31 мая  день рождения  форума IN-KU.com.  


Предлагаю от раздела Музыкальных руководителей сделать общий подарок форуму! К юбилею будет открыта специальная поздравительная тема, в которую можно выложить какую-то коллективную работу, представляющую наш дружный и весёлый раздел форума! Это может быть видеоролик, презентация или коллаж из наших фотографий. А может, стихотворение или песня, посвящённые форуму! В общем, высказывайте здесь свои предложения и идеи. Одна голова - хорошо, а много - это уже дом советов! 

На ютубе нашла видеоролик Симеона, мне очень понравился. Хотя ролик и четырёхлетней давности, увидела некоторые знакомые лица наших музруков! 
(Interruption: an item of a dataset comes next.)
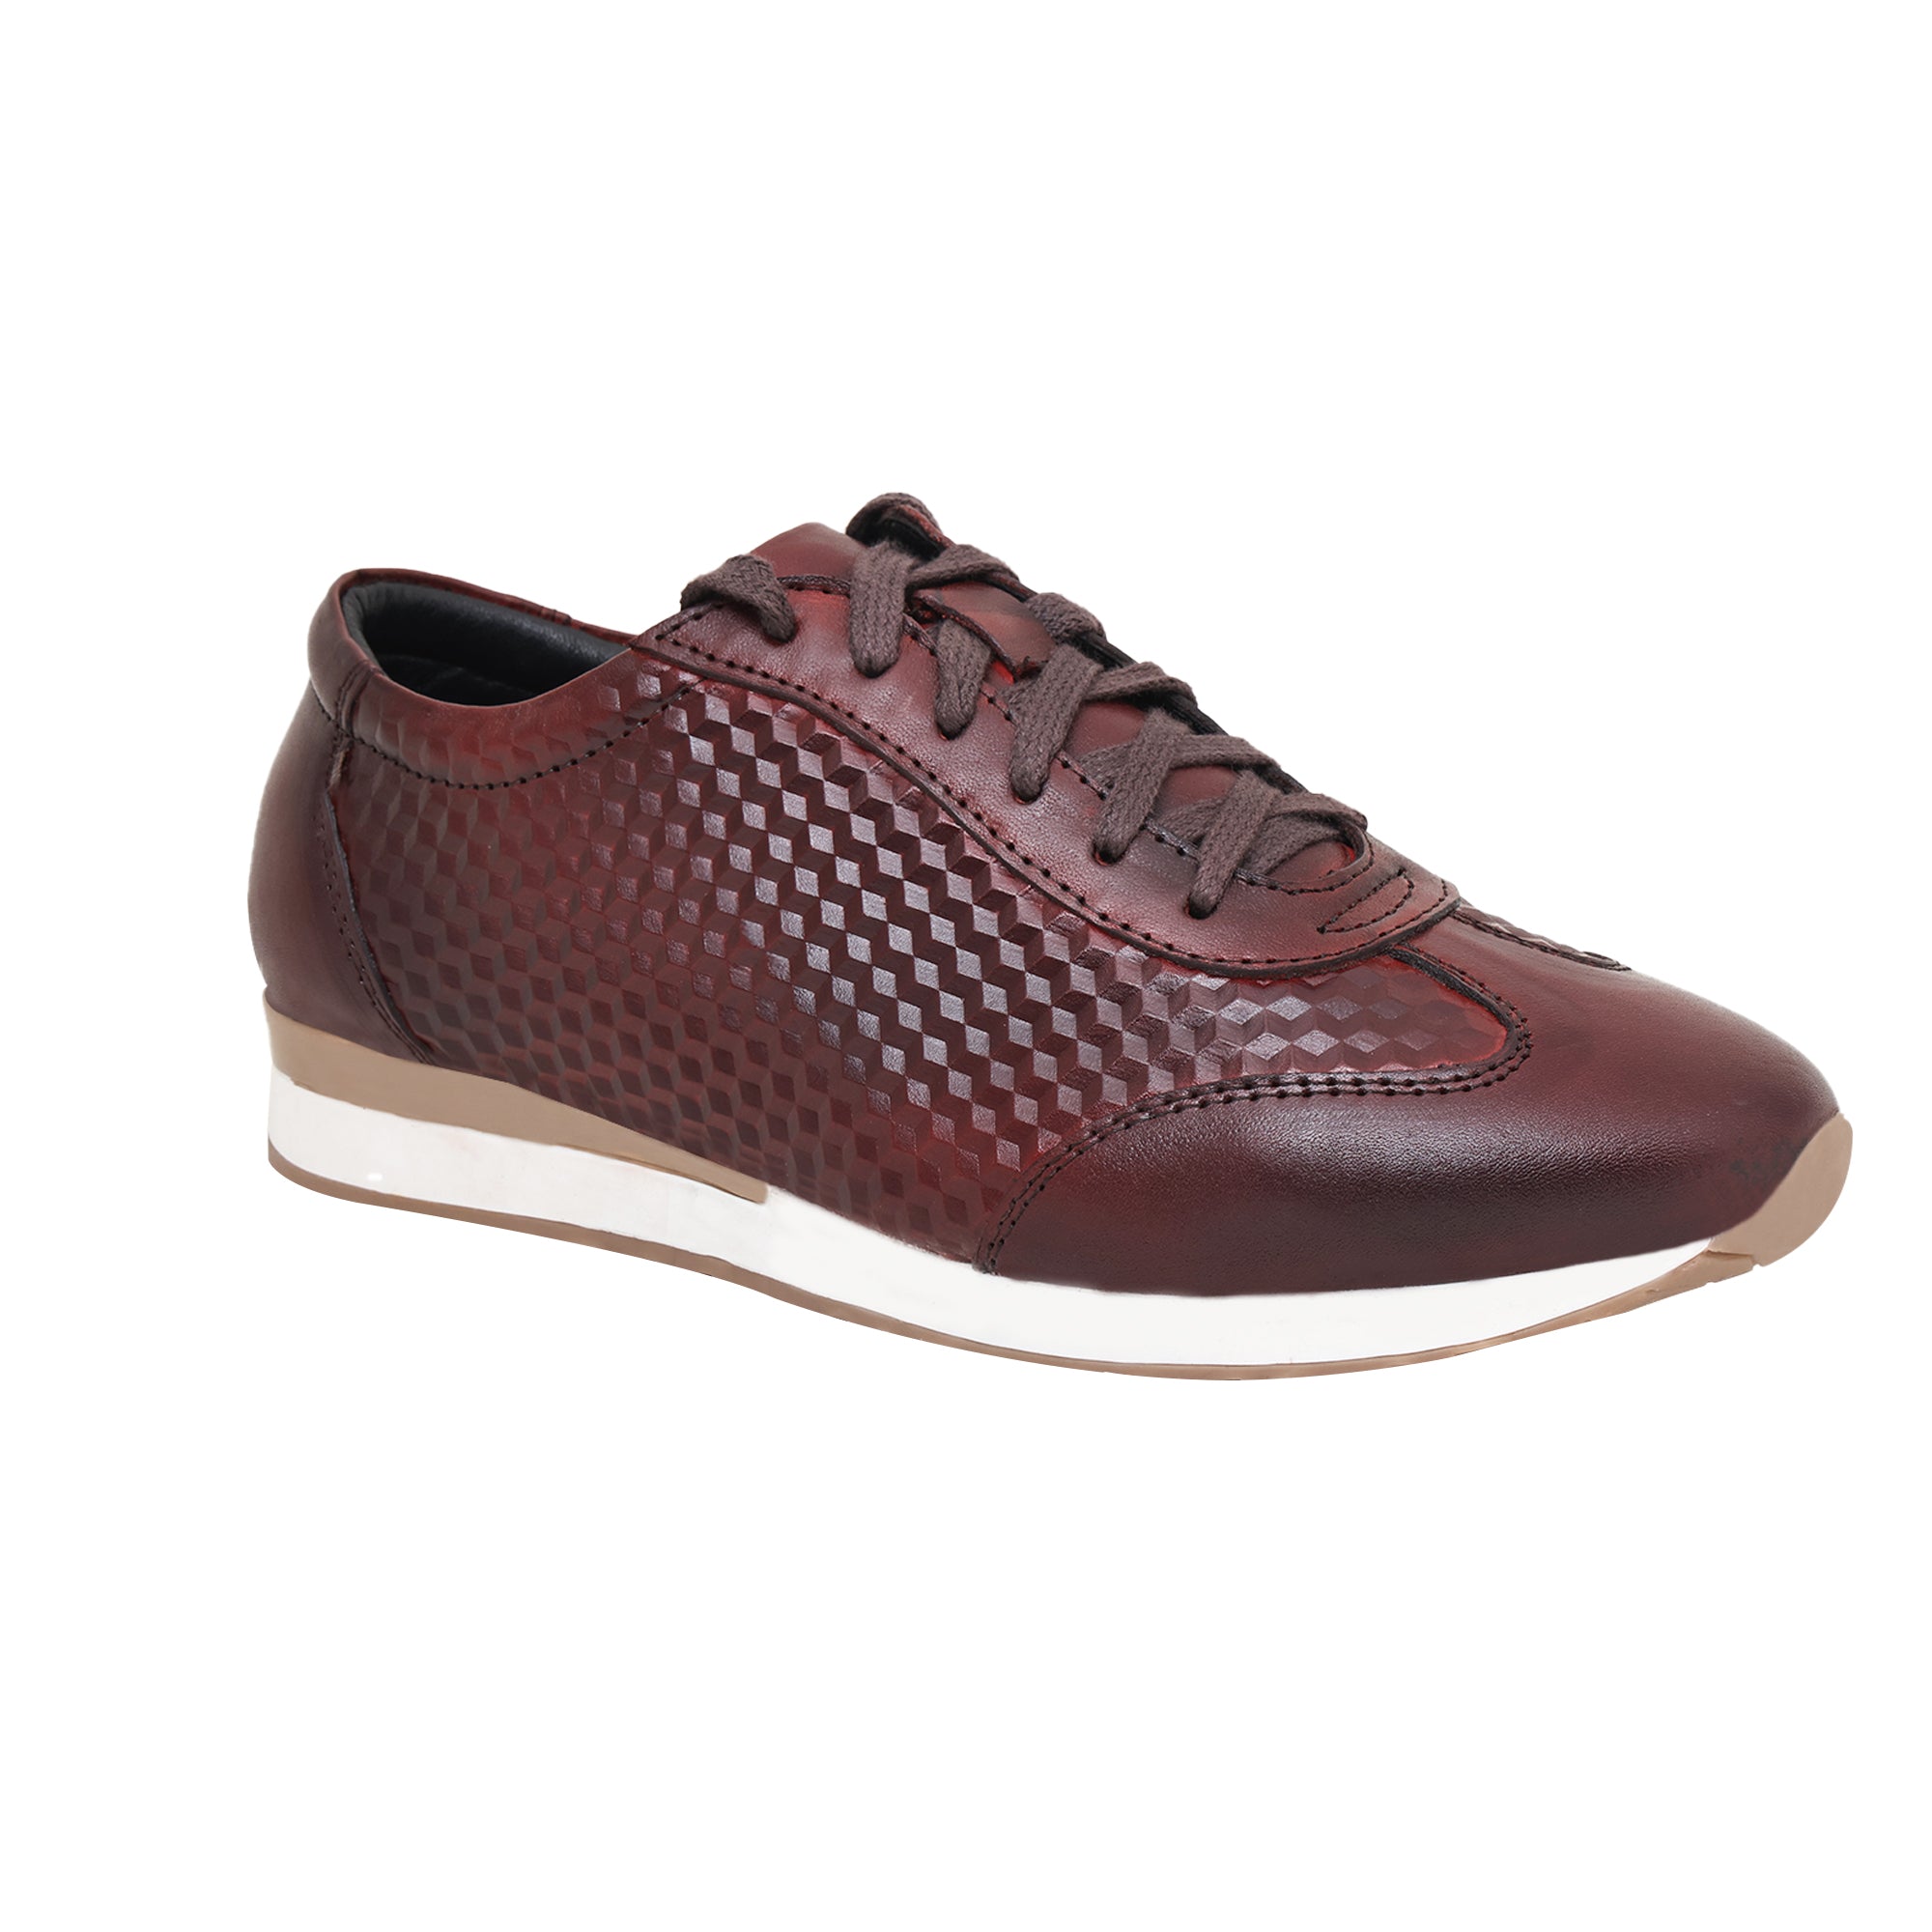 Louis Blanc Crust Leather Sport Shoes For Men's (LB06B)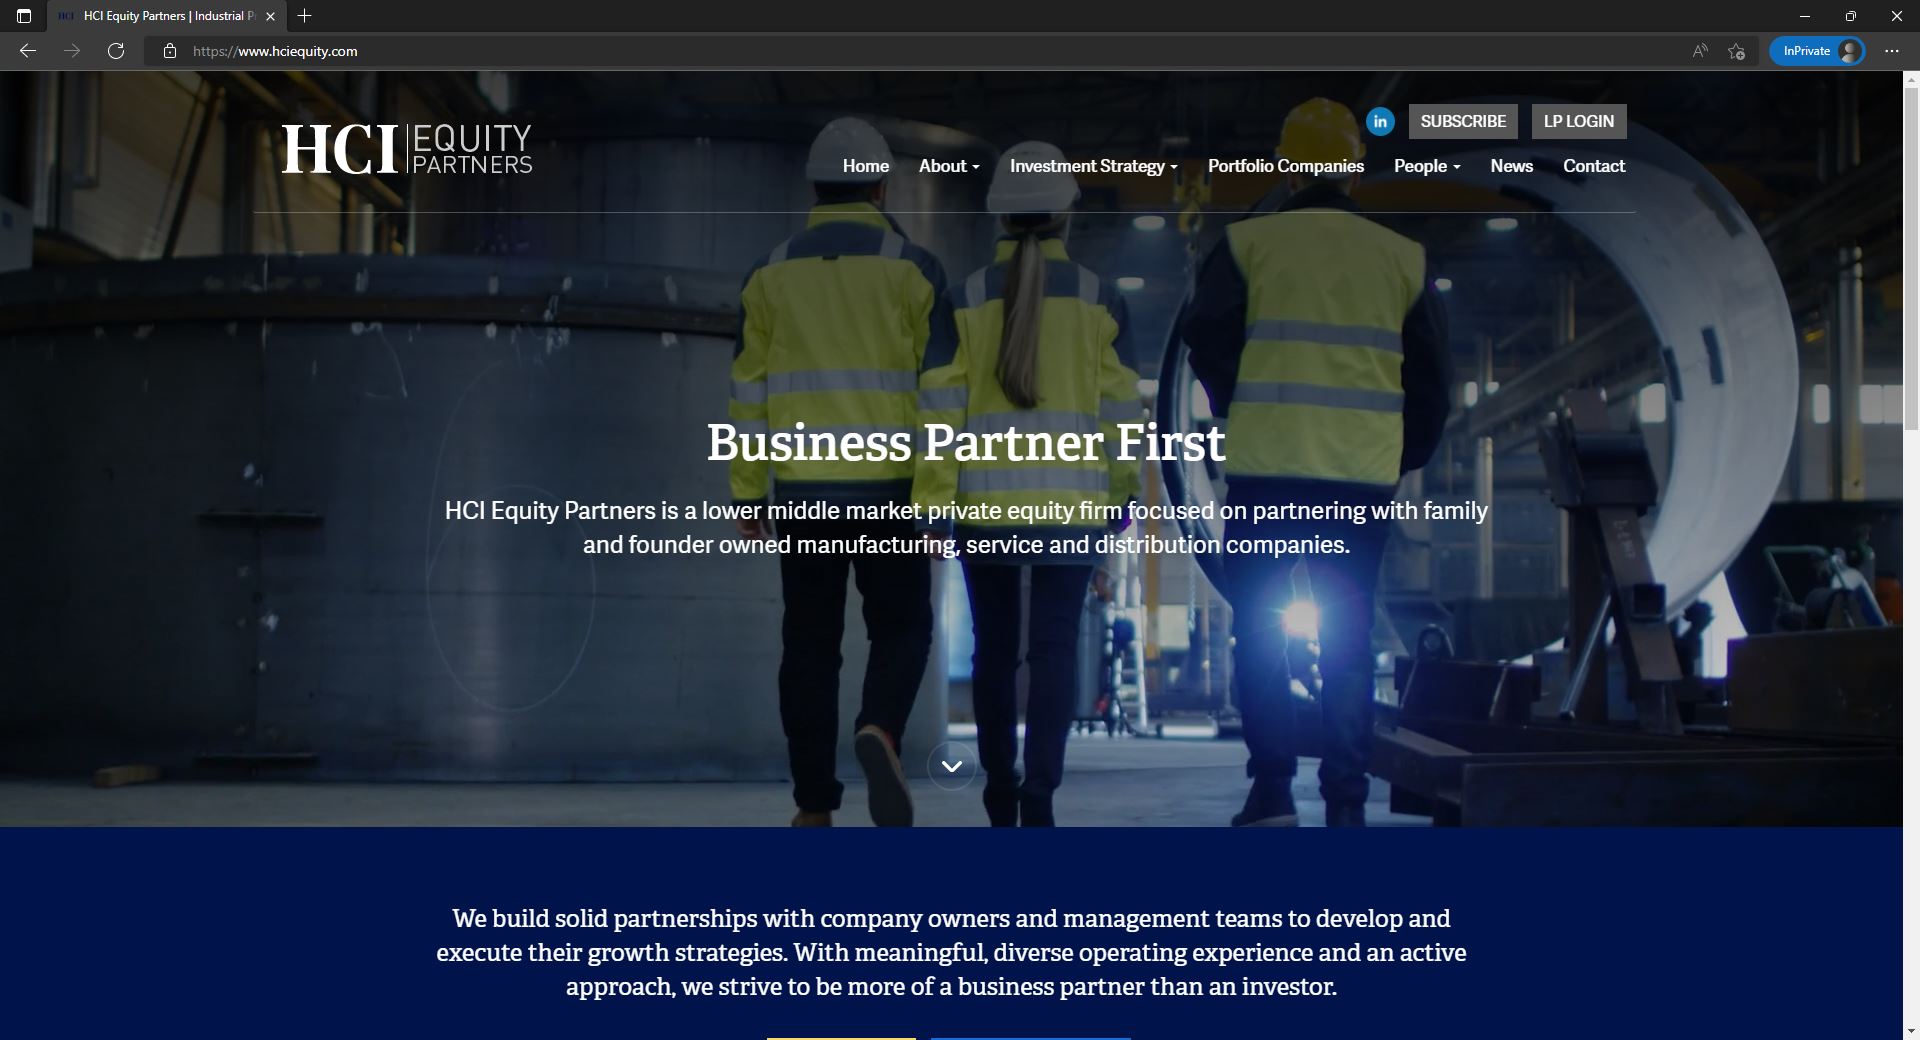 HCI Equity Partners website homepage

И ещё. Недавно, к Дню рождения нашего админа Марины, представители раздела ведущих за несколько дней сочинили гимн Ин-Ку и сделали клёвый клип! Вот скопировала сюда это сообщение. Посмотрите. Может, на какую-нибудь мысль натолкнёт:
*



> Марина, наш творческий коллектив поздравляет вас с Днем Рождения!

----------


## Марийка-Умница

> *Друзья, остался ровно месяц до юбилея нашего любимого форума Ин-Ку. 
> 31 мая 2014 г. ему исполнится 5 лет!!! 
> В подтверждение - слова админа:
> 
> Предлагаю от раздела Музыкальных руководителей сделать общий подарок форуму! К юбилею будет открыта специальная поздравительная тема, в которую можно выложить какую-то коллективную работу, представляющую наш дружный и весёлый раздел форума! Это может быть видеоролик, презентация или коллаж из наших фотографий. А может, стихотворение или песня, посвящённые форуму! В общем, высказывайте здесь свои предложения и идеи. Одна голова - хорошо, а много - это уже дом советов! 
> *


_Надо подумать....  что нибудь должно "родиться"... 
наверное, удобнее новую (рабочую) тему создать и в ней делиться своими мысельками..._

----------


## Валерия Вержакова

> На ютубе нашла видеоролик Симеона, мне очень понравился. Хотя ролик и четырёхлетней давности, увидела некоторые знакомые лица наших музруков!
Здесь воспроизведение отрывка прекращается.